* _AVAILABLE DATA_
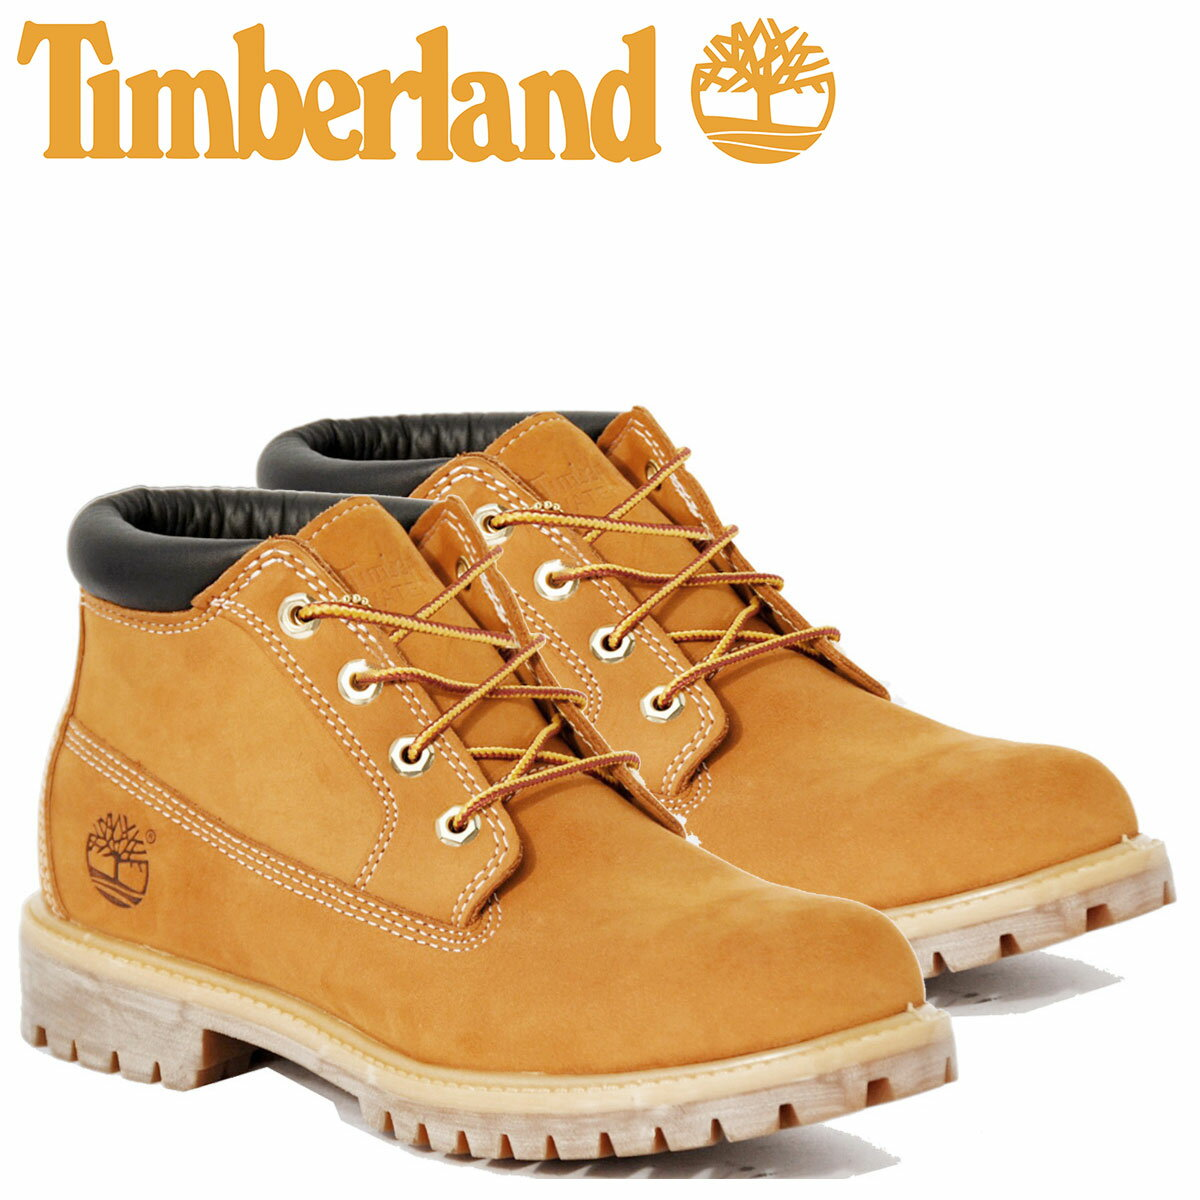 Timberland ブーツ チャッカ メンズ ティンバーランド WATERPROOF CHUKKA BOOT 23061 Wワイズ 防水 [予約商品 1/25頃入荷予定 追加入荷]
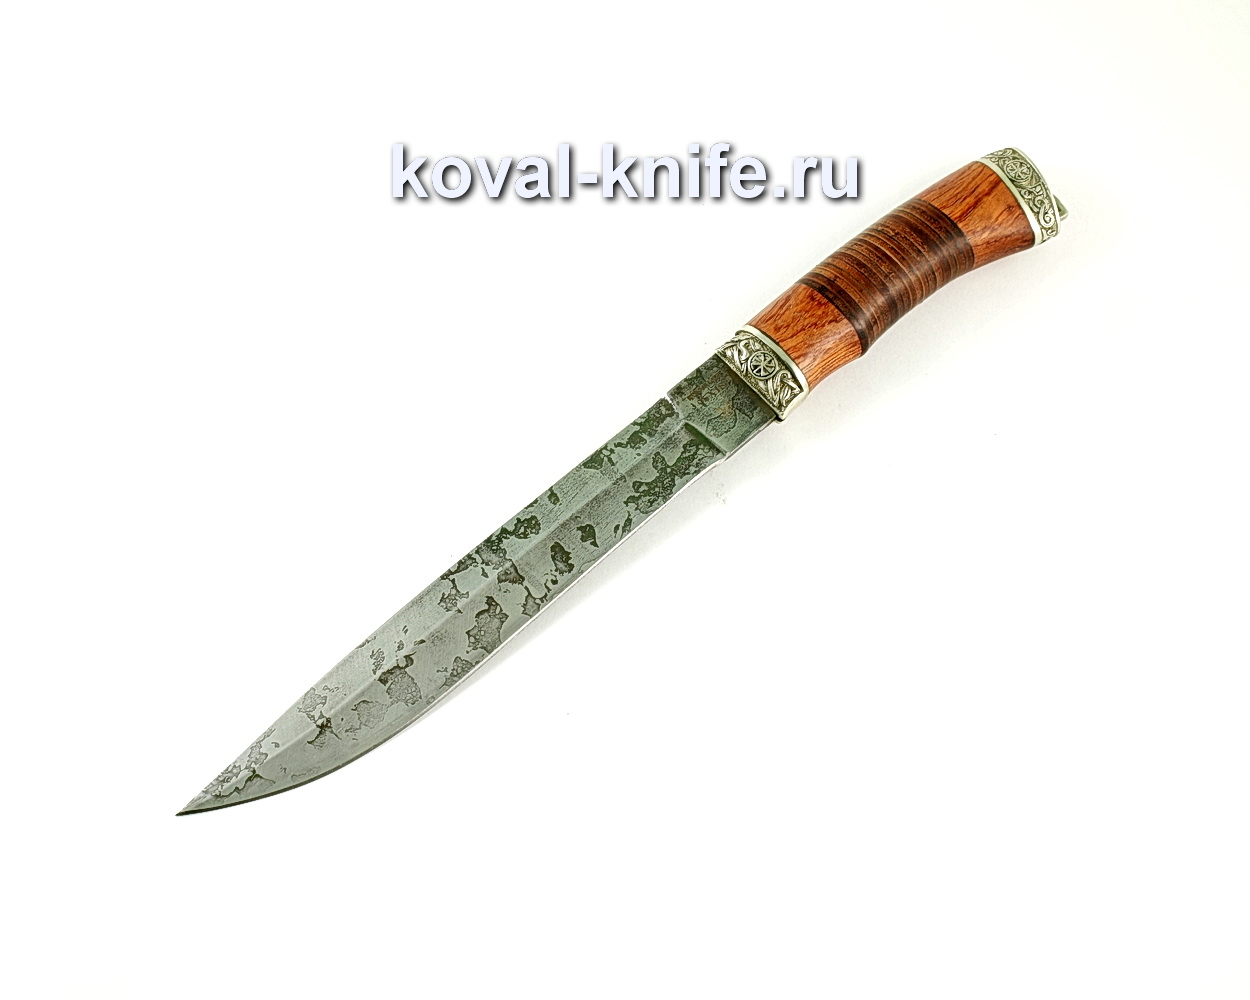 Нож Пластун (сталь95х18), рукоять бубинга, кожа, литье A242
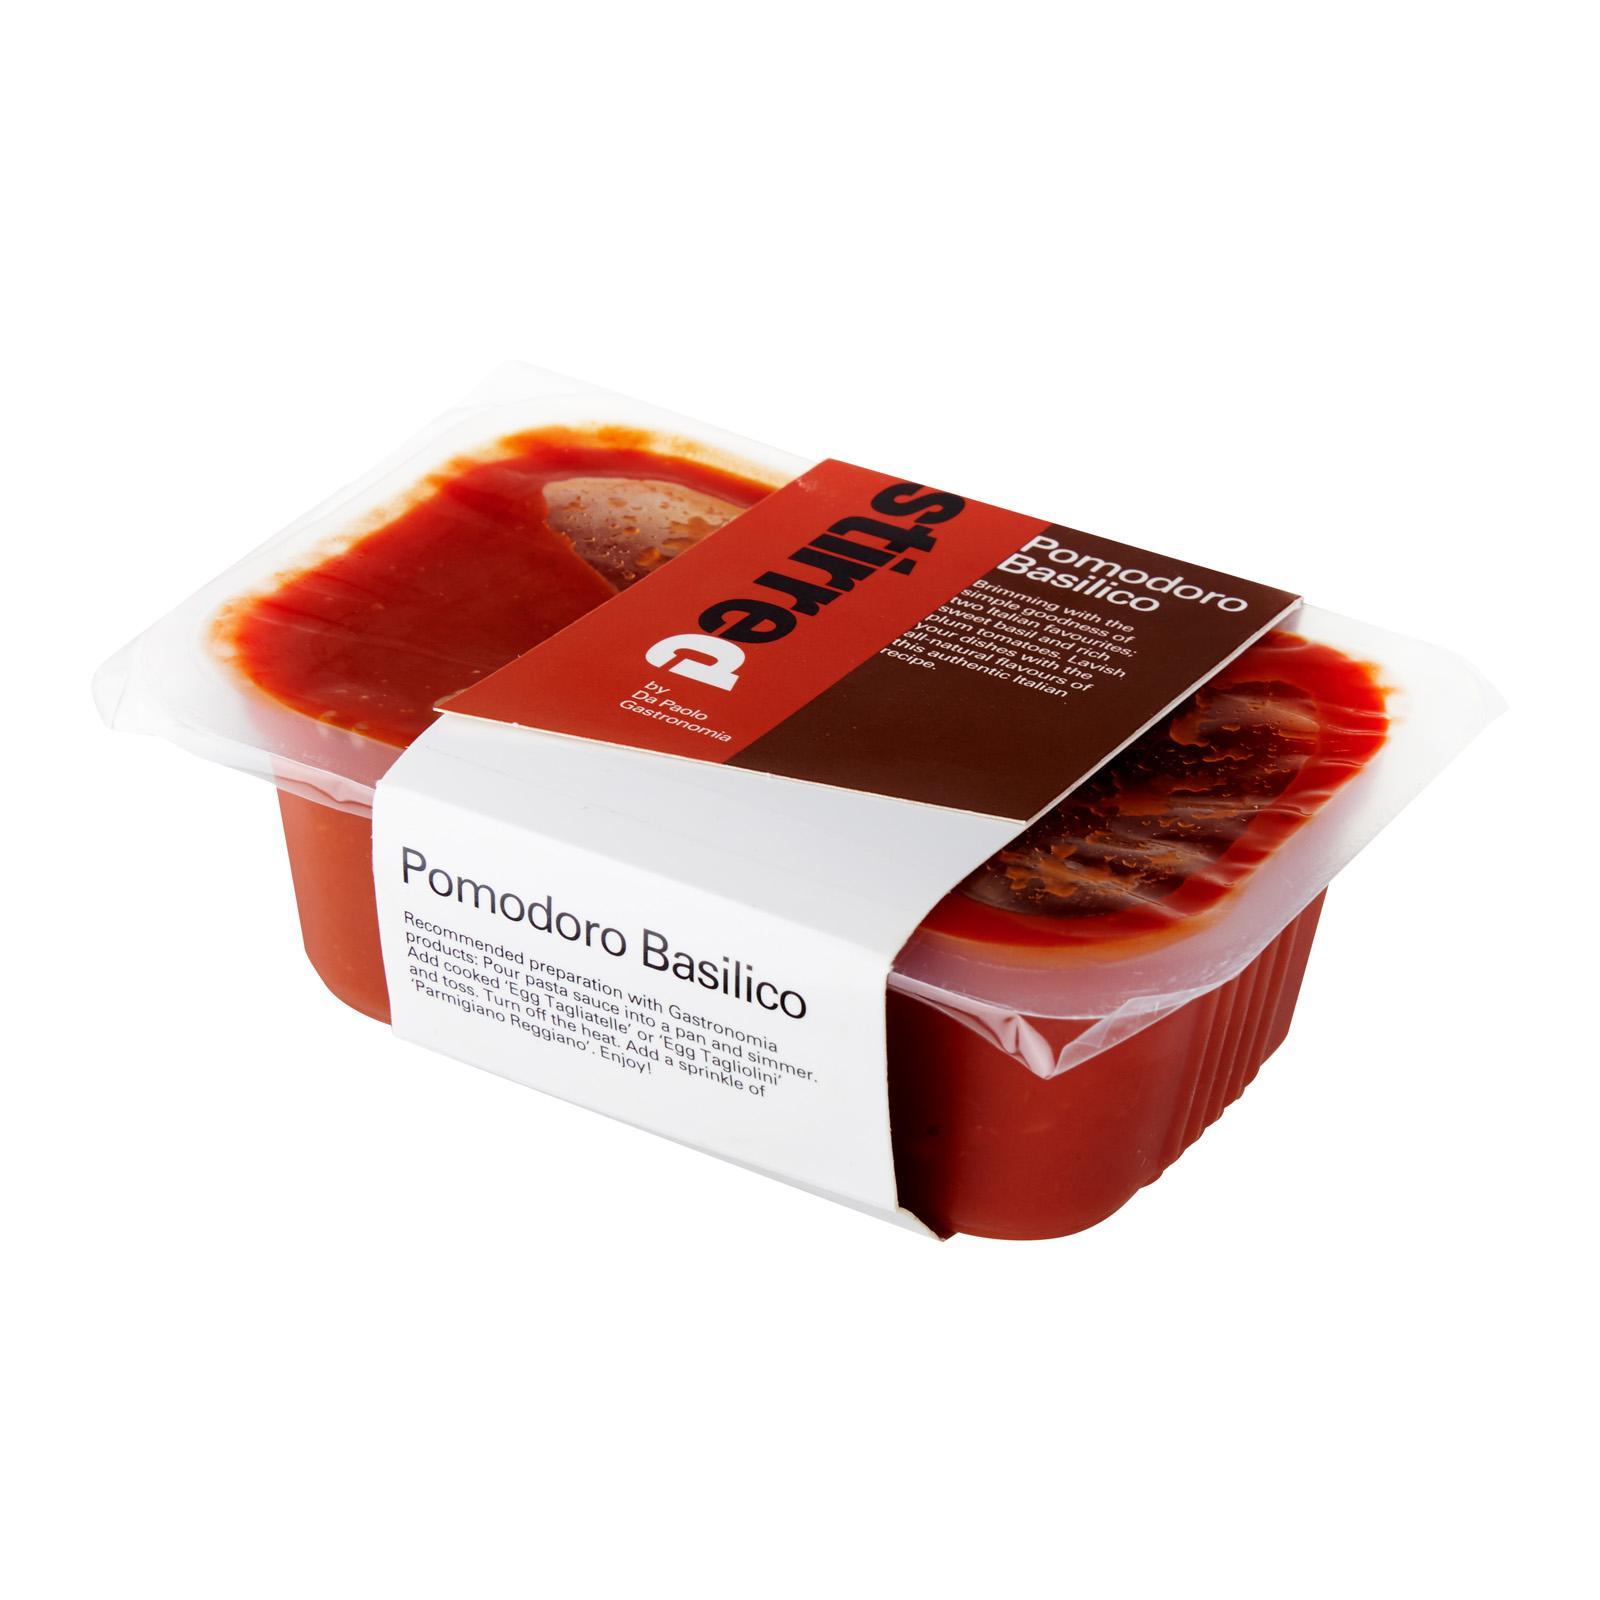 Da Paolo Pomodoro Basilico Pasta Sauce Fresh By Redmart.
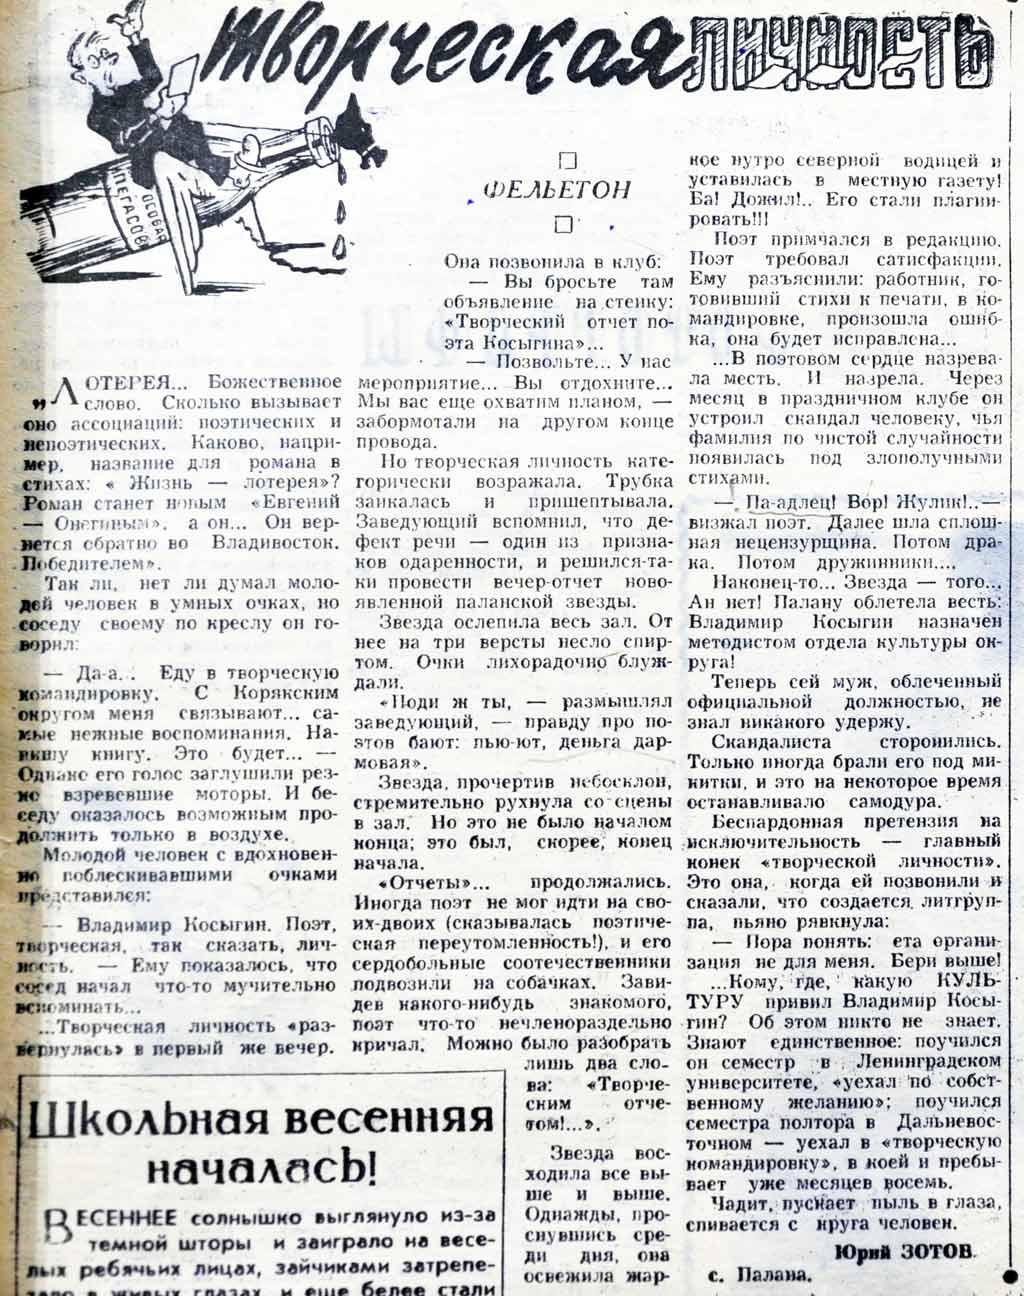 kk-1961-01

* _REQUIRED ACTION_
Please output the material above again, exactly, and omit every image.

* _ANSWER_
 Timberland ブーツ チャッカ メンズ ティンバーランド WATERPROOF CHUKKA BOOT 23061 Wワイズ 防水 [予約商品 1/25頃入荷予定 追加入荷]
 Нож Пластун (сталь95х18), рукоять бубинга, кожа, литье A242
 Da Paolo Pomodoro Basilico Pasta Sauce Fresh By Redmart.
 kk-1961-01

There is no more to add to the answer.